I suggest trying several alternatives and benching them with real world
queries and especially with the open database benchmark suite.

> Add to this that other commercial databases external sort in 1/4 the
time
> or
> better on the same hardware with the same CPU/memory resources using a
> 2-pass external sort.

Our sort merge is so fast that I can join two tables on a column with no
index faster than on a database that has a unique clustered index on the
column. Benchmarked against Oracle, SQL*Server, and several others.

If you check our ORDER BY on a large table with no index, you will see
that it is competitive with the best commercial systems.
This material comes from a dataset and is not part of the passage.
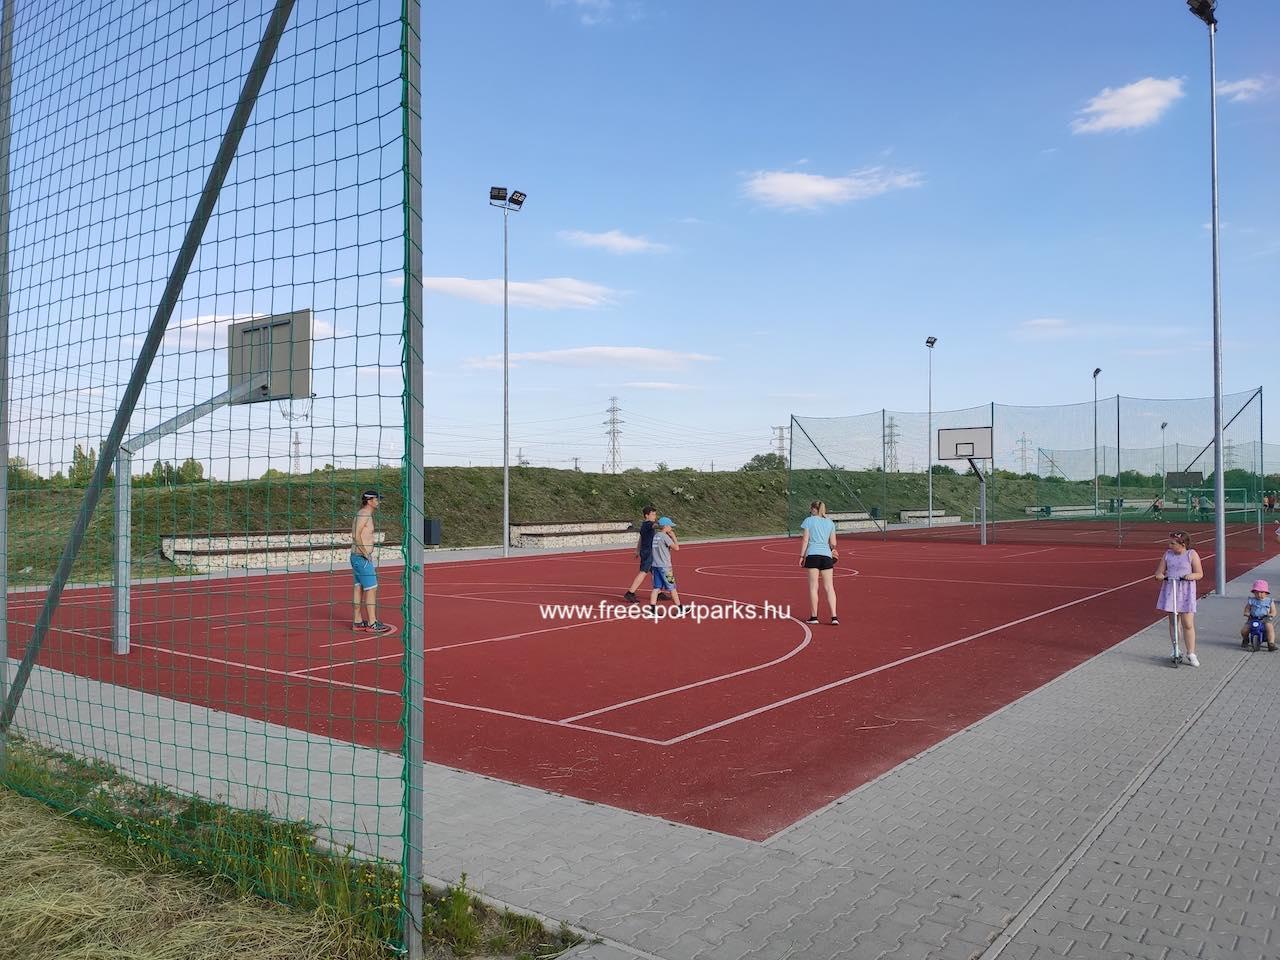 kosárlabda pálya - Érd szabadidőpark - Free Sport Parks térkép

If you are interested, you could get an eval of CONNX and try it
yourself (eval is free for some number of days, I don't remember what).

> > #1. Two pass merge (none of that silly poly-tape merge goo)
>
> Voice of reason here. It's what the other database systems do.
>
> > #2. Load ONLY the keys that are to be sorted into memory. Use a
> > pointer exchange sort, and do not move the physical rows of data at
all.
>
> Sounds right. Example of this in practice?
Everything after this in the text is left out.